Given material:
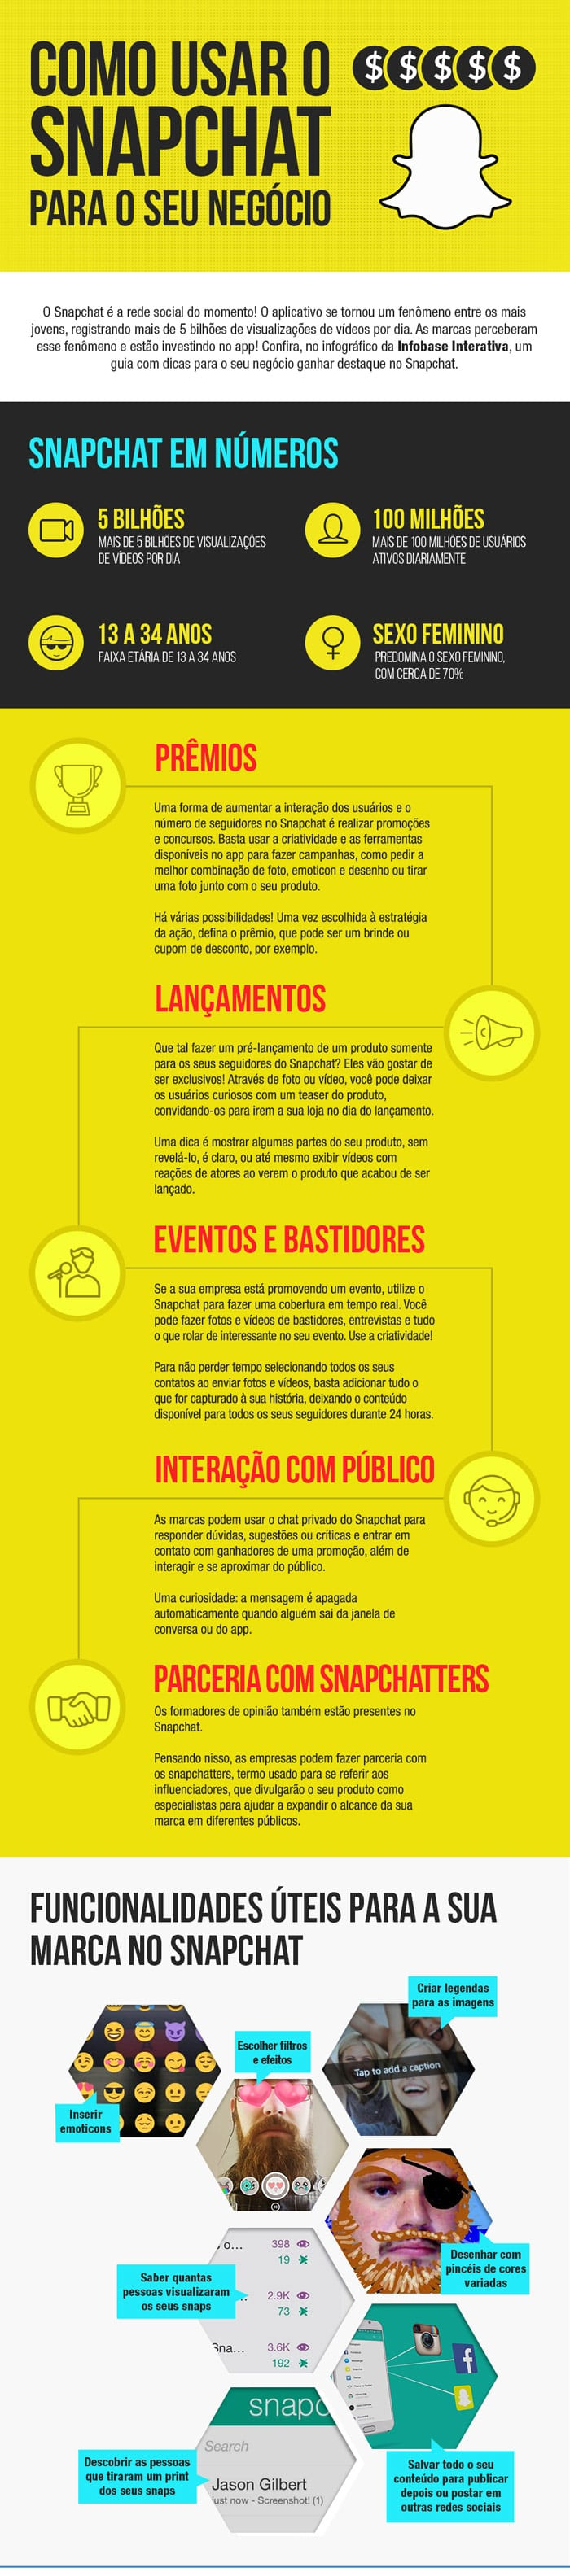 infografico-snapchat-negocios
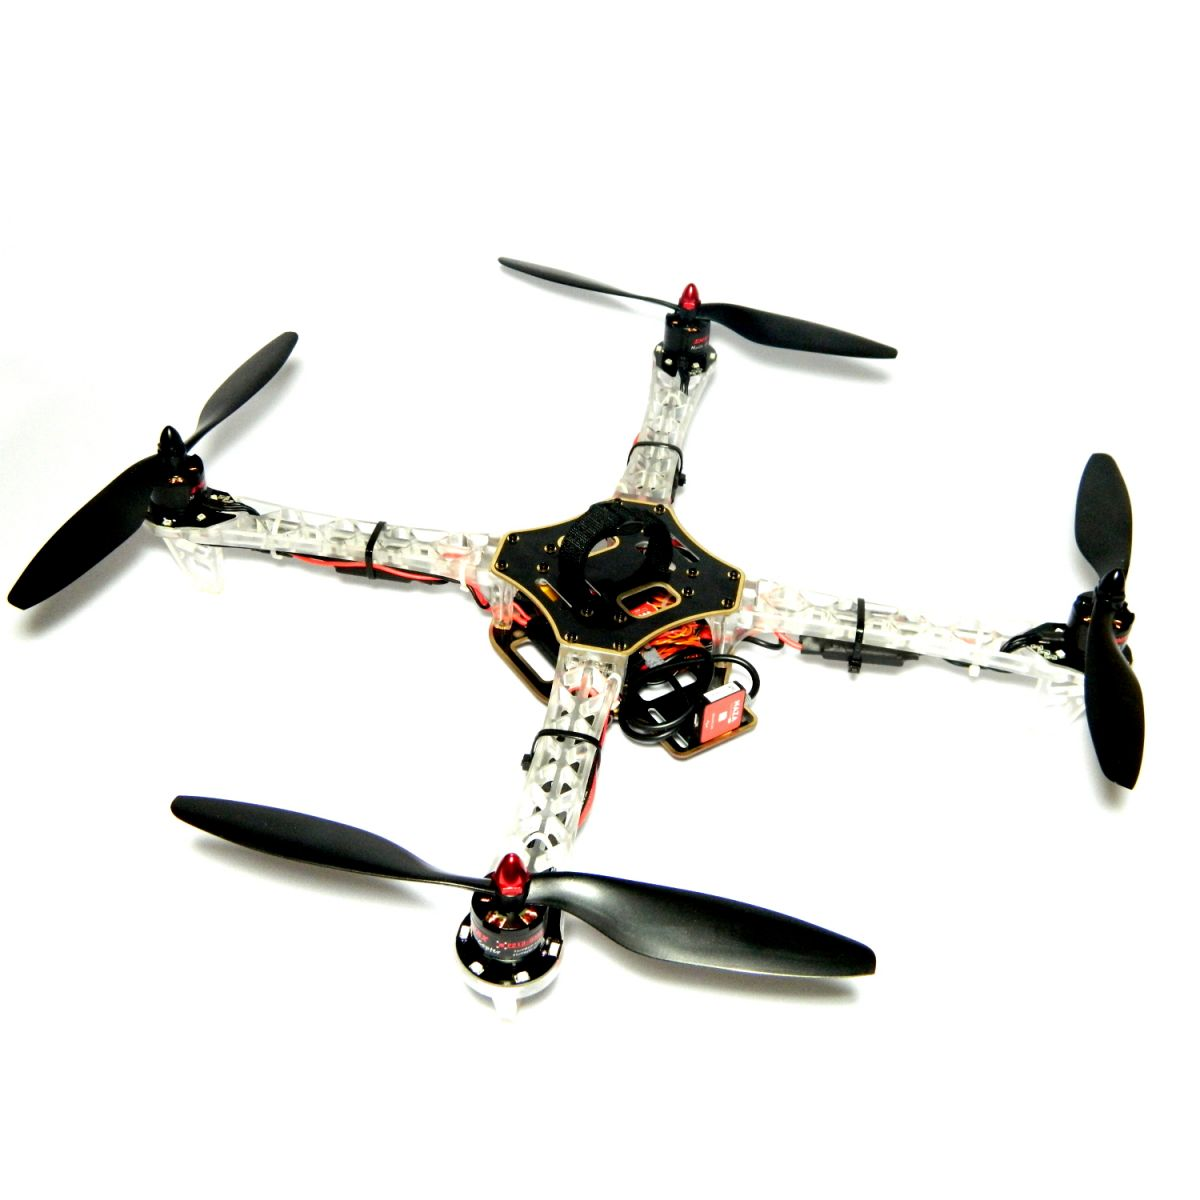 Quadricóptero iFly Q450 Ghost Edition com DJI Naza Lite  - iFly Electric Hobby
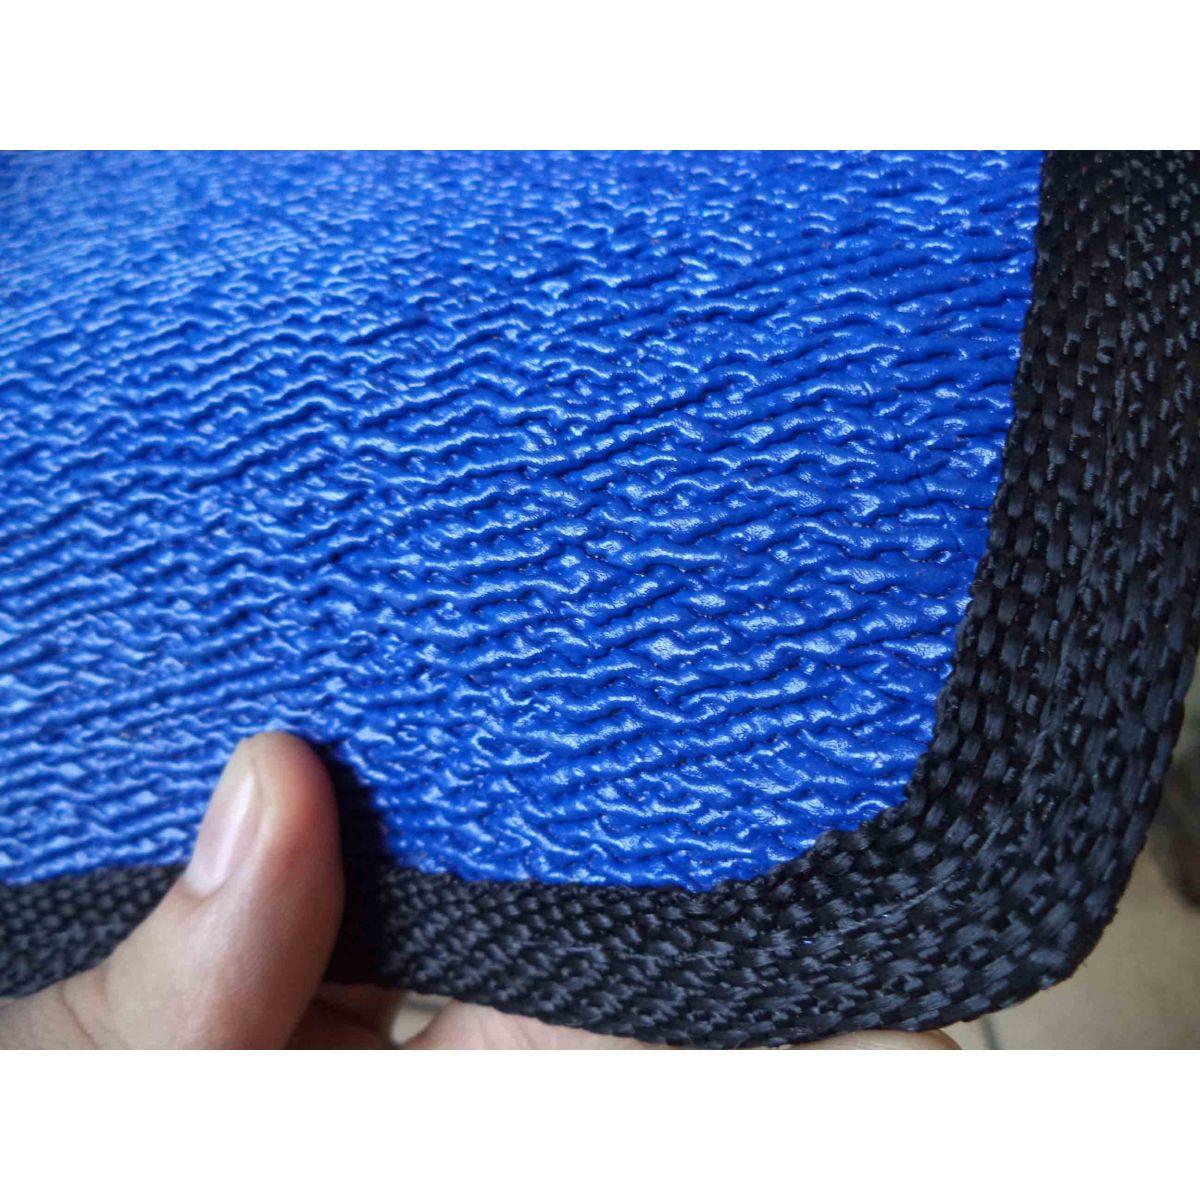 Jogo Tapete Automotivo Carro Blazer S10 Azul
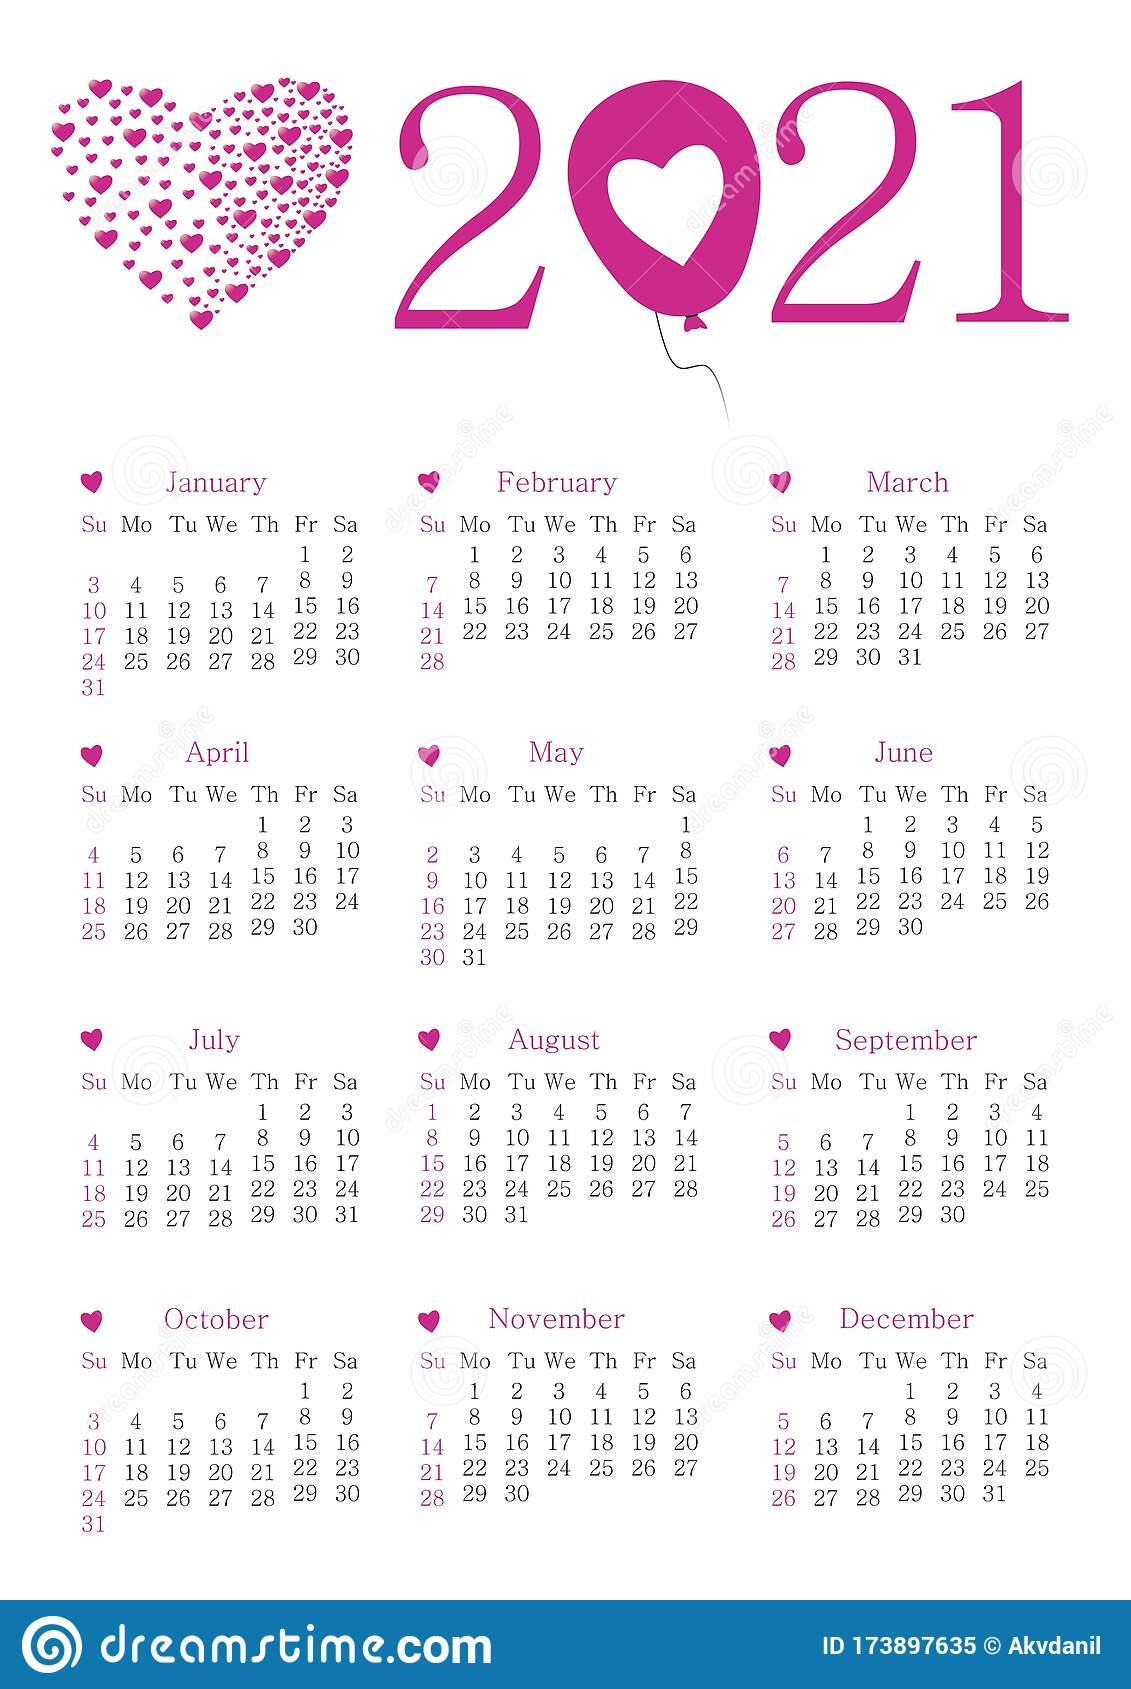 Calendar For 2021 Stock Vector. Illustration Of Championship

Problem details:
Aside from the pictures, repeat the listing exactly.

Task output:
 infografico-snapchat-negocios
 Quadricóptero iFly Q450 Ghost Edition com DJI Naza Lite  - iFly Electric Hobby
 Jogo Tapete Automotivo Carro Blazer S10 Azul
 Calendar For 2021 Stock Vector. Illustration Of Championship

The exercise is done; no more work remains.